Notable caída de la actividad en Hospitalet el primer día de confinamiento voluntario

Retrato de la zona más populosa de Europa: terrazas casi vacías, tiendas con la persiana bajada y colas sólo ante las oficinas bancarias.

Pablo Planas (Barcelona)

Primer día de autoconfinamiento en los barrios de Hospitalet señalados por el aumento de contagios de coronavirus. Si el lunes eran trescientos los casos, ayer se reportaron 129 positivos. La consejería de Salud apunta que el incremento se debe a la realización de más pruebas PCR. Muchos de los nuevos casos son asintomáticos. El perfil de quienes contraen el coronavirus ha cambiado. Se trata de personas de entre 20 y 50 años que en muchos casos se han contagiado en reuniones familiares y fiestas.

Las autoridades sanitarias consideran que hay transmisión comunitaria, por lo que la reclusión domiciliaria es una medida imprescindible. Sin embargo, no hay una orden concreta de la Generalidad, sino una mera recomendación para que los vecinos de Collblanch, La Torrasa y La Florida salgan de casa lo imprescindible, para ir a trabajar, a comprar o al médico.

El seguimiento del consejo es bastante acusado. Los camareros aseguran que la afluencia a los bares ha caído en picado. En las terrazas, poca gente y separado, salvo las cuadrillas de trabajadores de la construcción y los que llevan a cabo obras en la vía pública. También ha caído la afluencia en el mercado de Collblanch y en los supermercados de la zona. Incluso hay tiendas cerradas. De un día para otro ha cambiado la estampa del barrio. En lo único que se parece a un día normal es en las colas ante las oficinas bancarias.
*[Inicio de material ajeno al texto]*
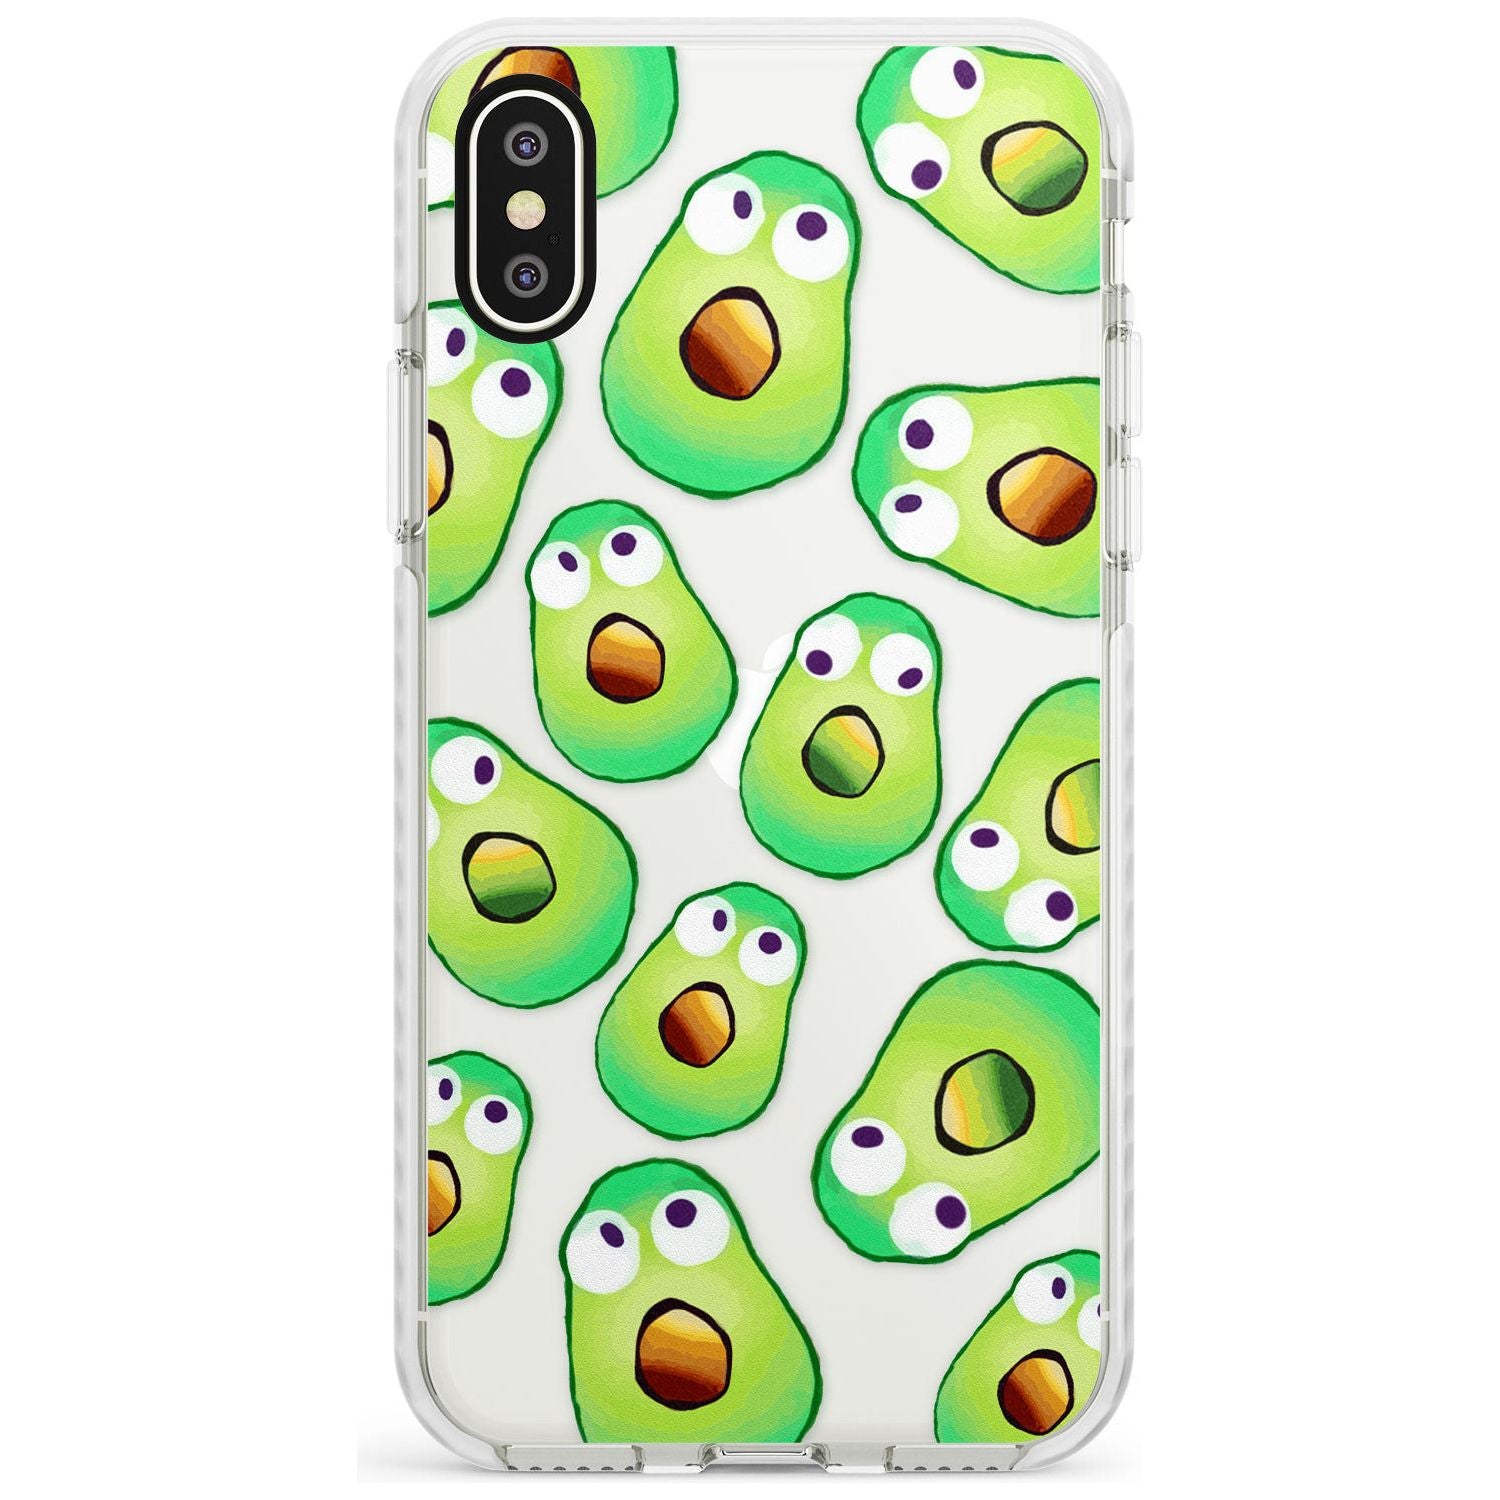 Shocked Avocados Impact Phone Case for iPhone X XS Max XR
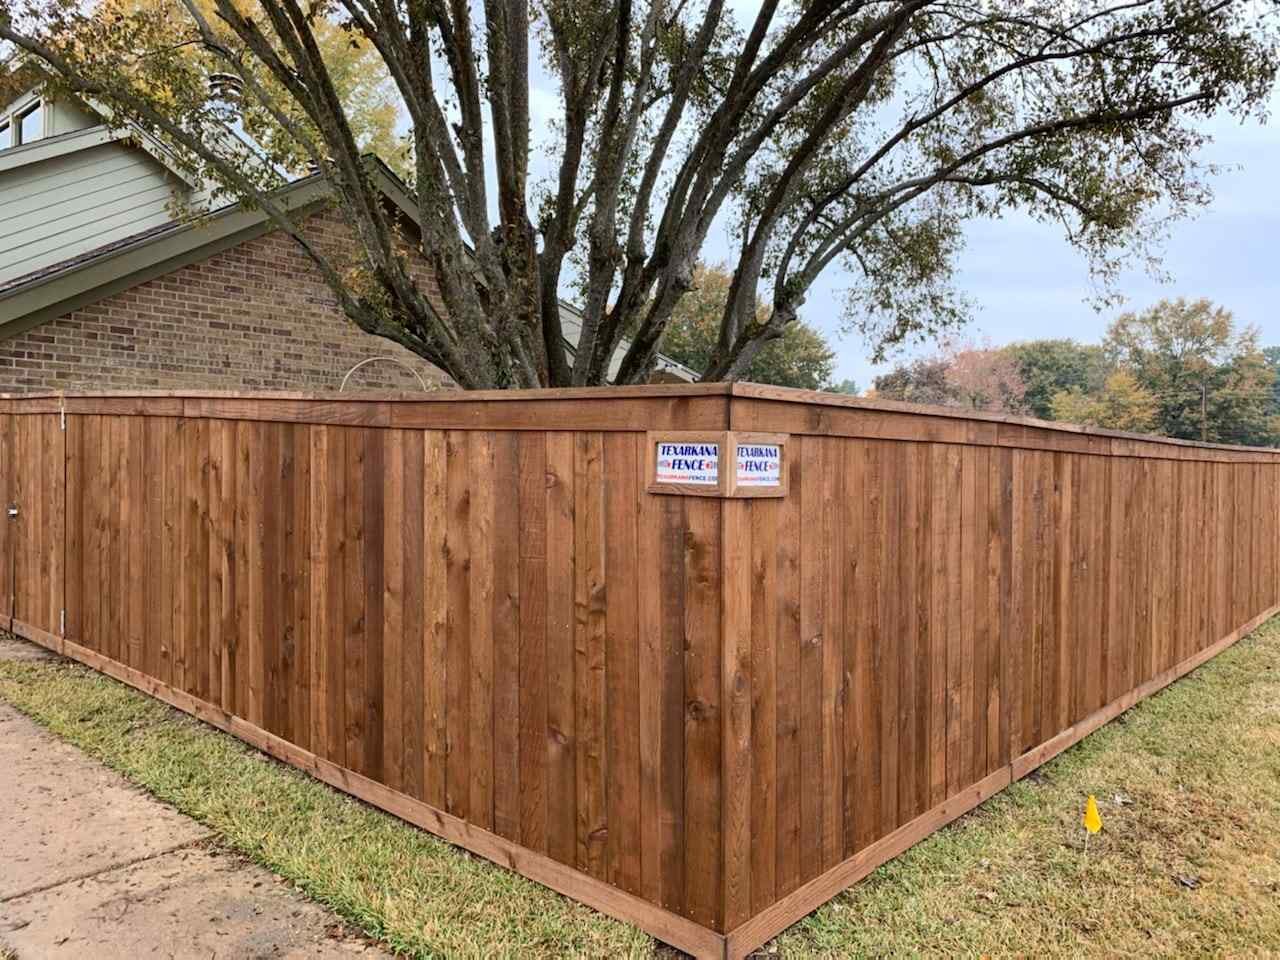 Photo of a residential pre-stained wood fence in Texarkana, Texas

La reducción del número de despachos de las entidades bancarias es especialmente acusada en estos barrios, por lo que las pocas que permanecen abiertas siempre presentan largas colas en la calle.

El norte de Hospitalet es una de las zonas más densamente pobladas de Europa, con 70.000 habitantes por kilómetro cuadrado. Al tiempo, las viviendas son las de menos metros cuadrados. Hacer vida en la calle es una "solución habitacional". Sin embargo, a las diez de la mañana, la "plaza Española" está prácticamente vacía. Se ha llegado a calificar el enclave como la "zona cero" de la covid-19 en Hospitalet. Este primer día de confinamiento voluntario, sólo un par de chicas comparten confidencias en un banco y sólo están ocupadas un par de mesas en las terrazas de la plaza. Los columpios están vacíos.

Pesimismo de los tenderos

Lo mismo ocurre en la plaza que rodea al mercado de Collblanc. Terrazas a medio gas y conversaciones pesimistas de los tenderos. Tras el estado de alarma, el barrio había recuperado el brío. Tal vez demasiado rápido, comentan algunos. Las terrazas de los bares estaban a rebosar los sábados y la gente había recuperado sus hábitos prepandemia. Todo el mundo llevaba mascarilla (muchos en la papada o en la muñeca), en las tiendas, equipadas con dispensadores de líquido desinfectante para manos, se guardaba riguroso turno pero una de las impresiones más generalizadas es que había más gente por la calle que antes del estado de alarma.

Este miércoles la actividad a primera hora de la mañana, entre las nueve y las diez, ha caído en picado. Las recomendaciones de la Generalidad han calado, al menos entre la gente de mediana edad. Los comerciantes de la calle Progrés atienden a los medios de comunicación. Presumen de que en sus establecimientos se siguen a rajatabla las medidas de higiene y se muestran pesimistas. La crisis del coronavirus les tiene al límite de la resistencia. Acusan la caída de ventas. Muchos dicen que abren por abrir, que económicamente no les compensa. Las dependientas de las cadenas de panaderías y los camareros temen por sus puestos de trabajo. Si la recaída es muy aguda, puede ser la puntilla.